(Your assignment) What you return should be the complete listing, unchanged, with no pictures in it.

(Information provided)
______________________________

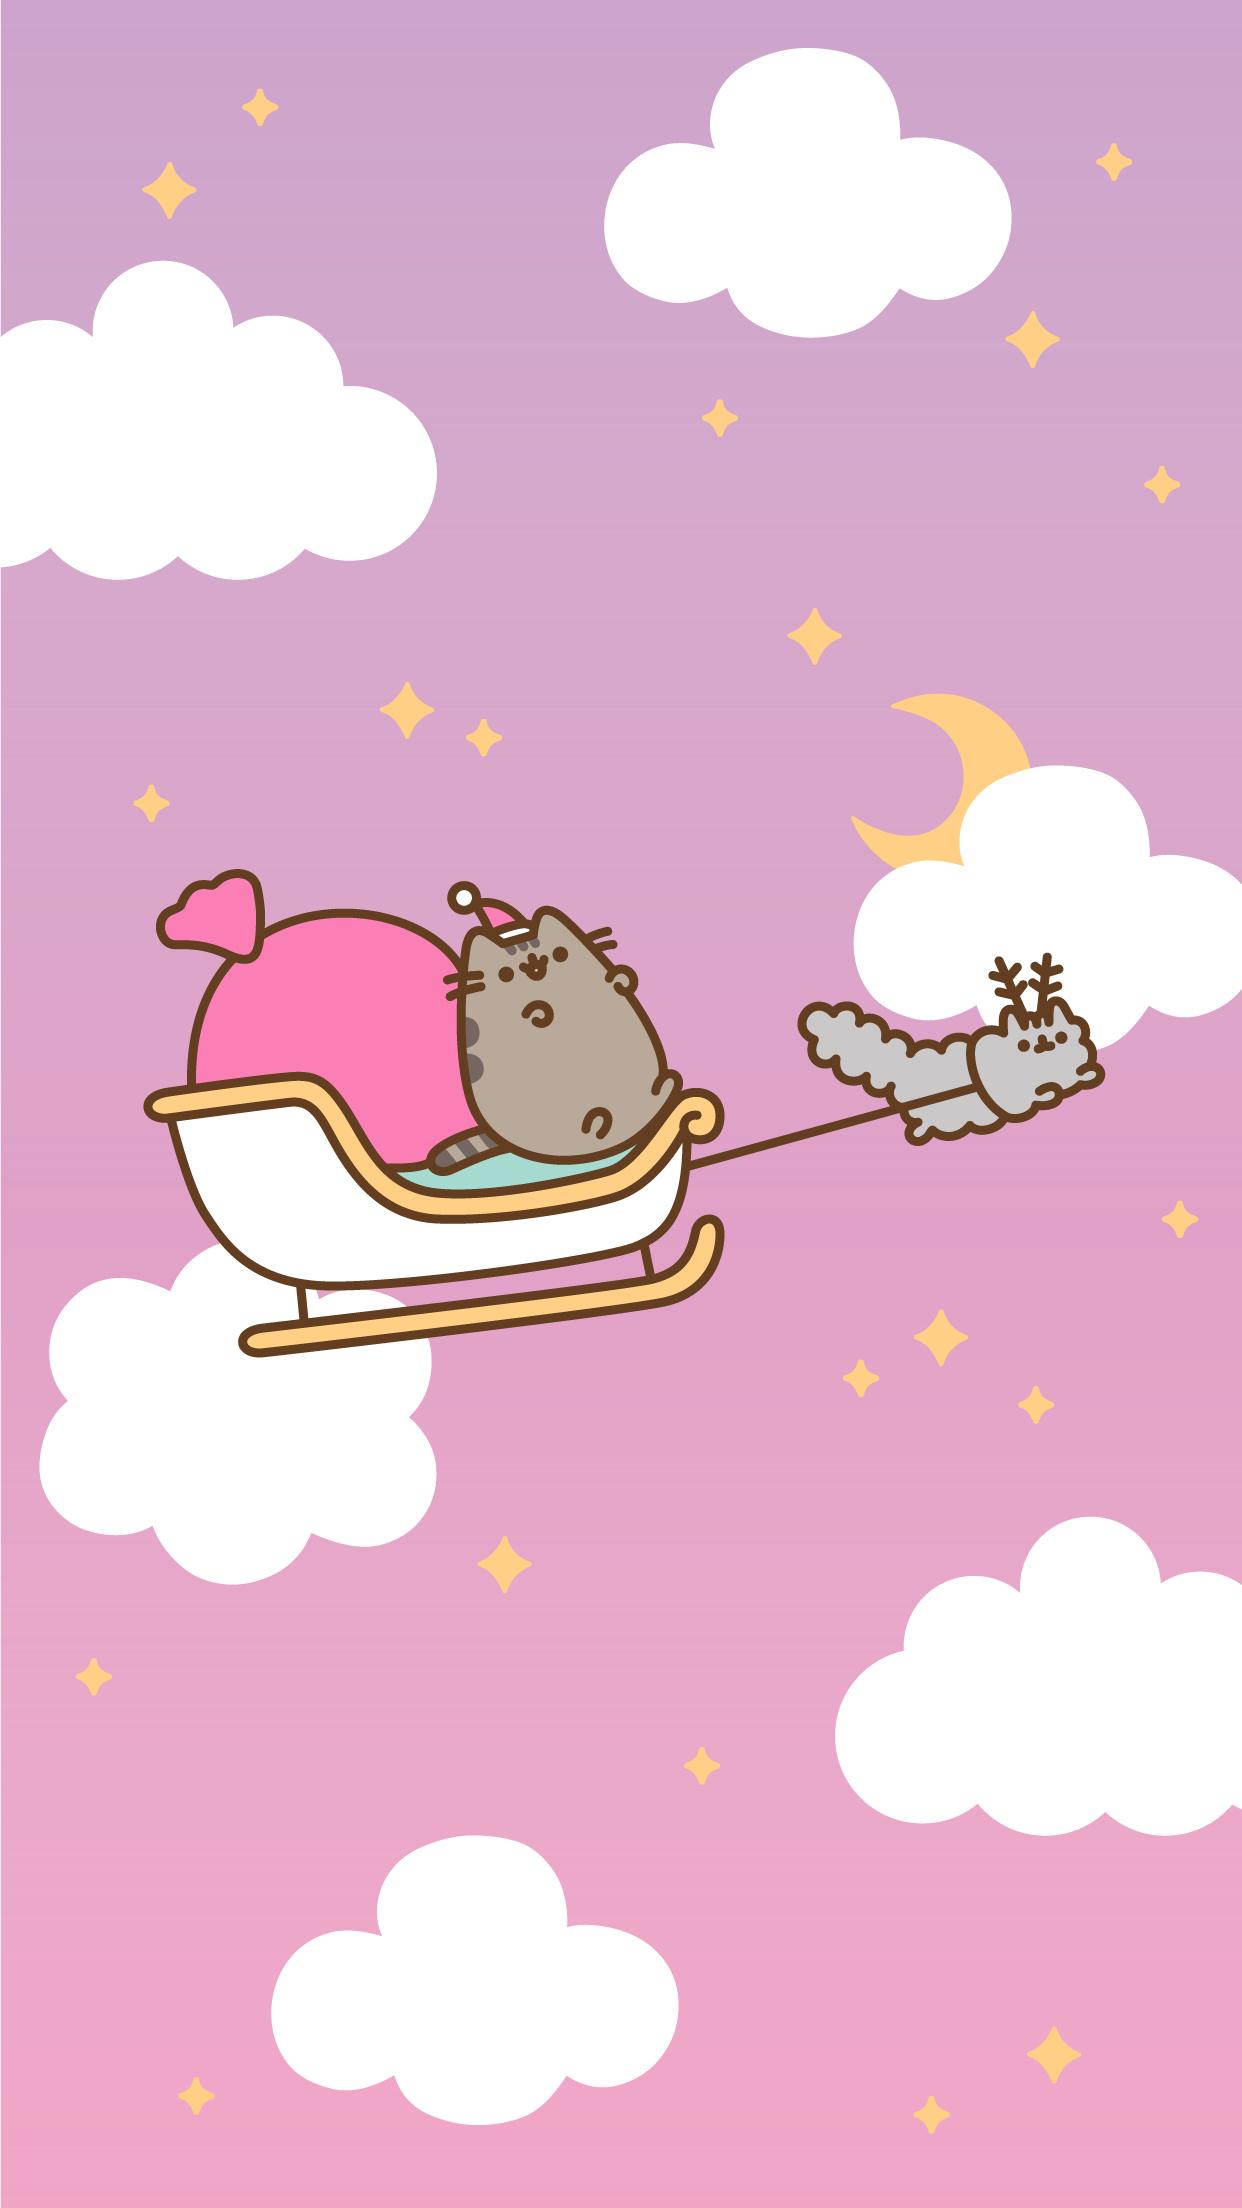 Tải xuống APK Cute Pusheen Cat wallpaper HD cho Android
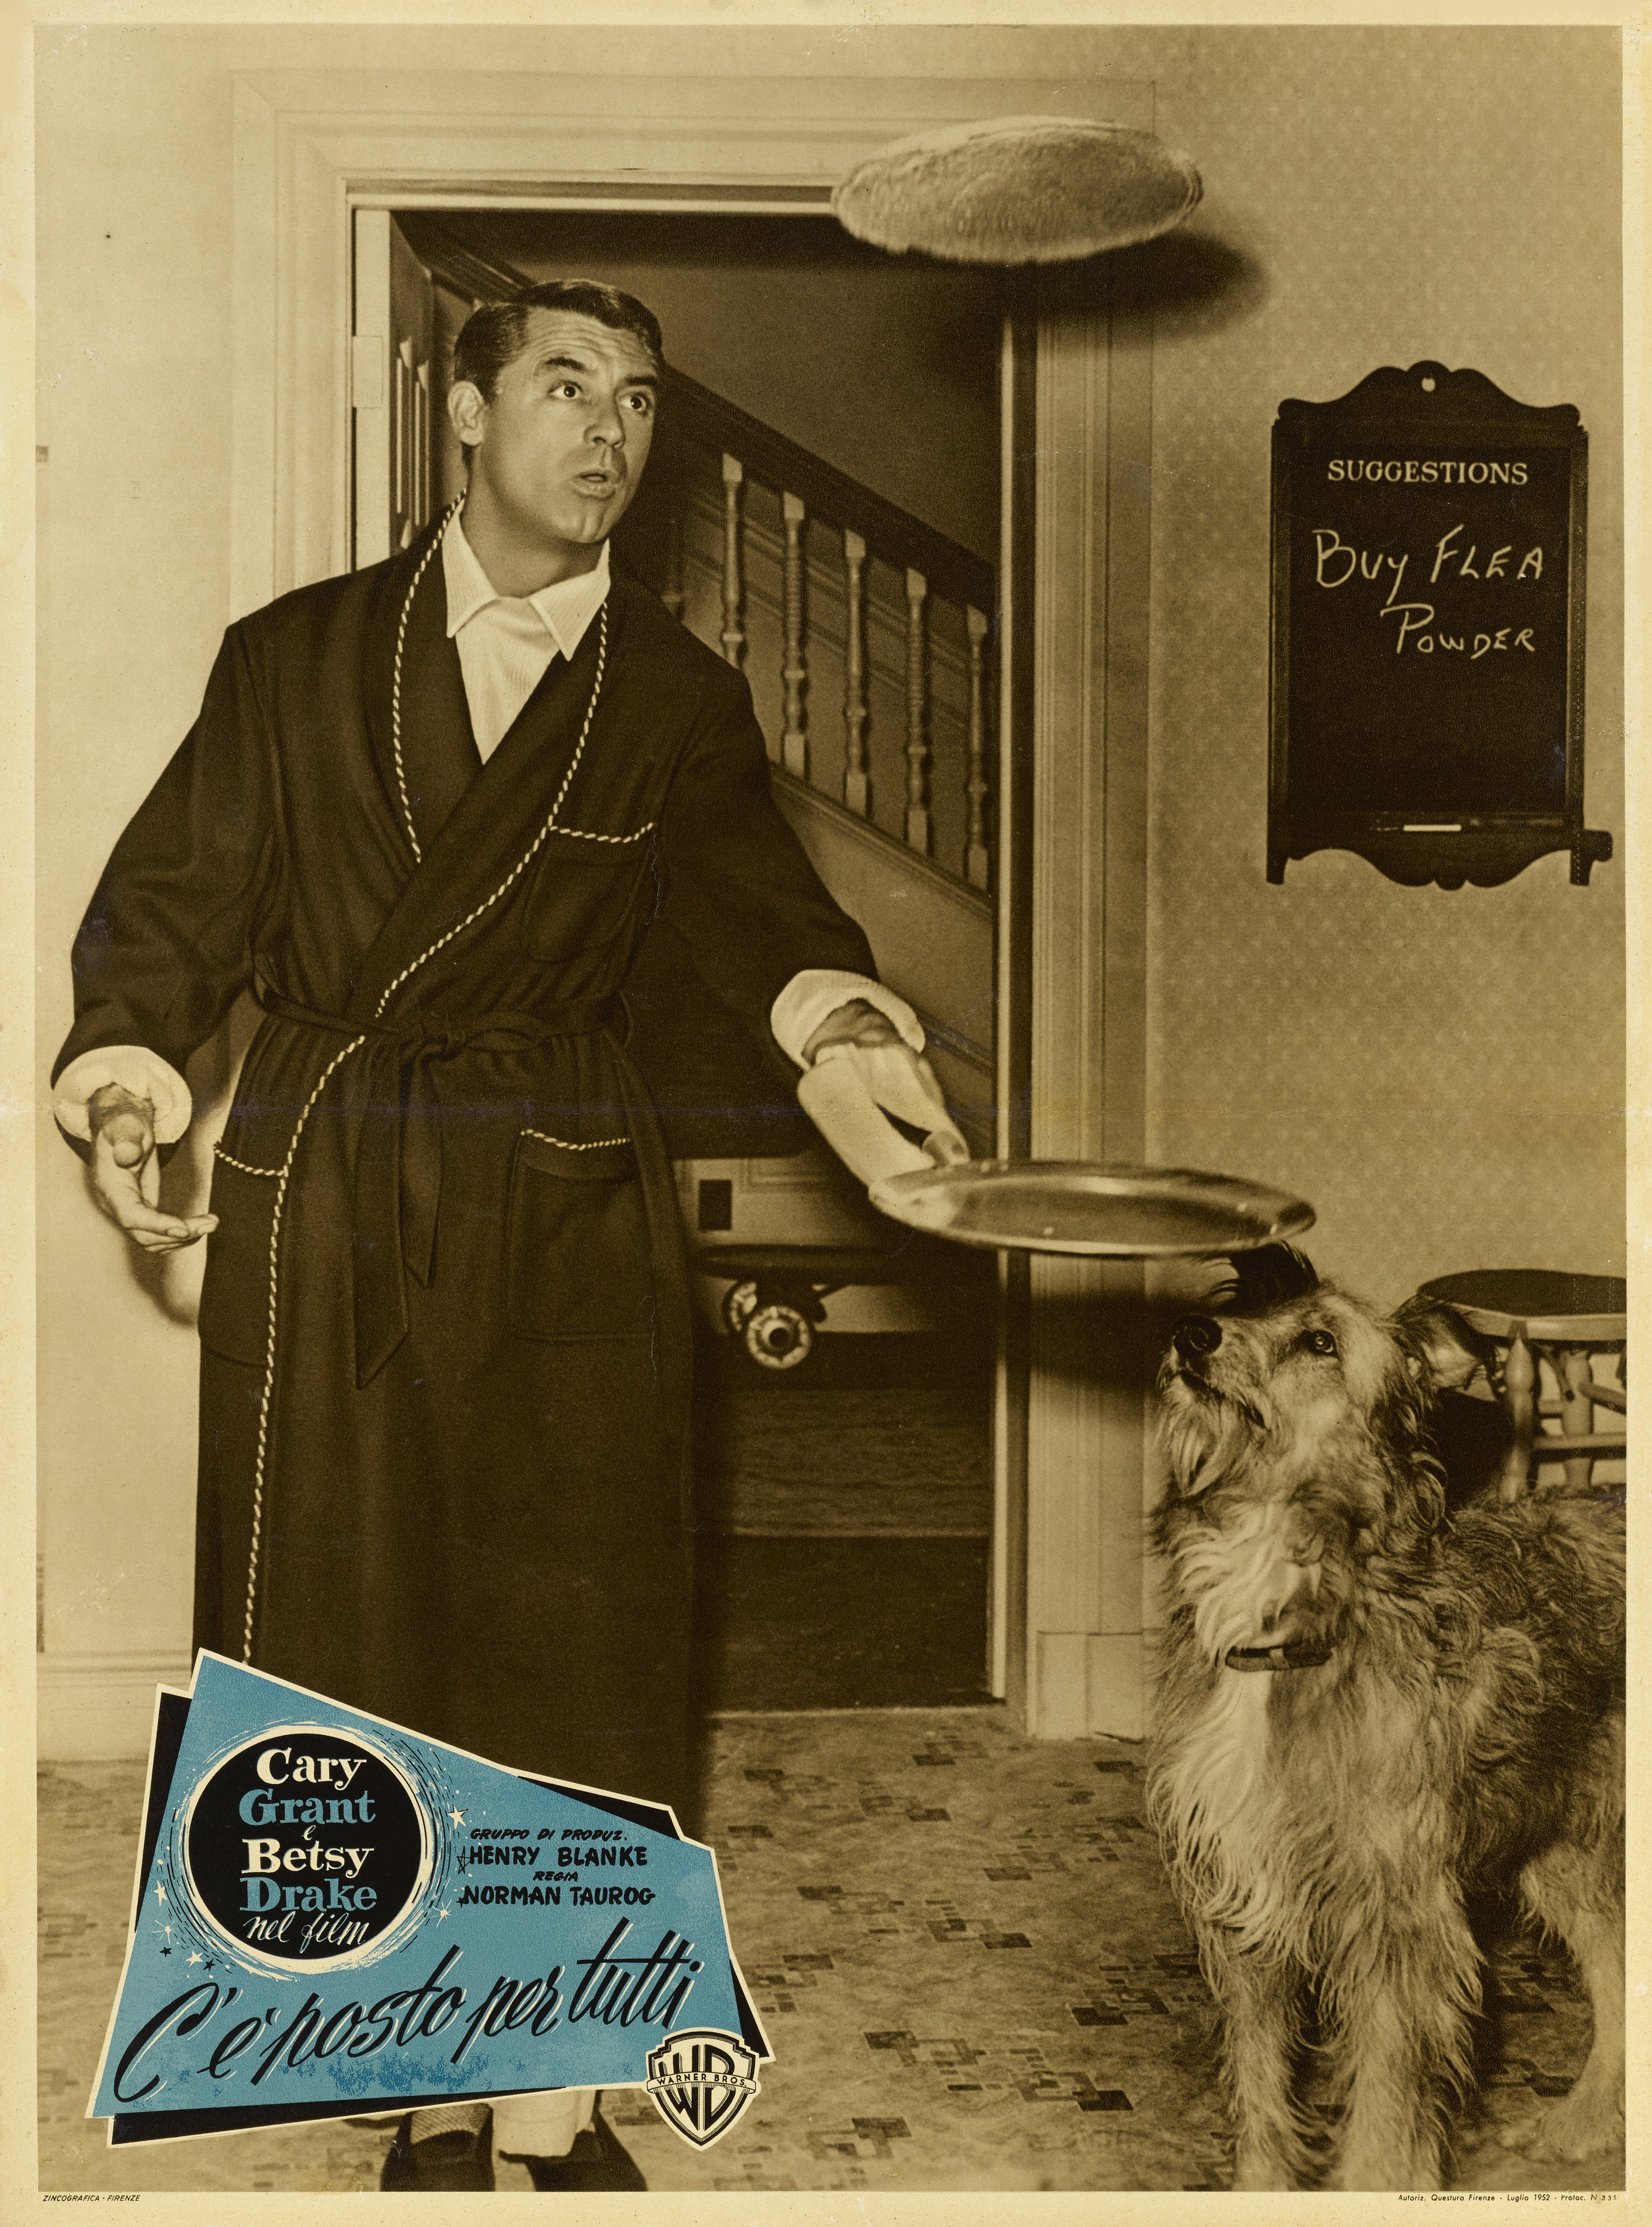 Originales italienisches Filmplakat für Room for One More 1952.

Diese Komödie wurde von Norman Taurog inszeniert und mit Cary Grant und Betsy Drake in den Hauptrollen gedreht.
Das Plakat ist in ausgezeichnetem Zustand, mit nur einer kleinen

______________________________

(Response below)
 Tải xuống APK Cute Pusheen Cat wallpaper HD cho Android
 Originales italienisches Filmplakat für Room for One More 1952.

Diese Komödie wurde von Norman Taurog inszeniert und mit Cary Grant und Betsy Drake in den Hauptrollen gedreht.
Das Plakat ist in ausgezeichnetem Zustand, mit nur einer kleinen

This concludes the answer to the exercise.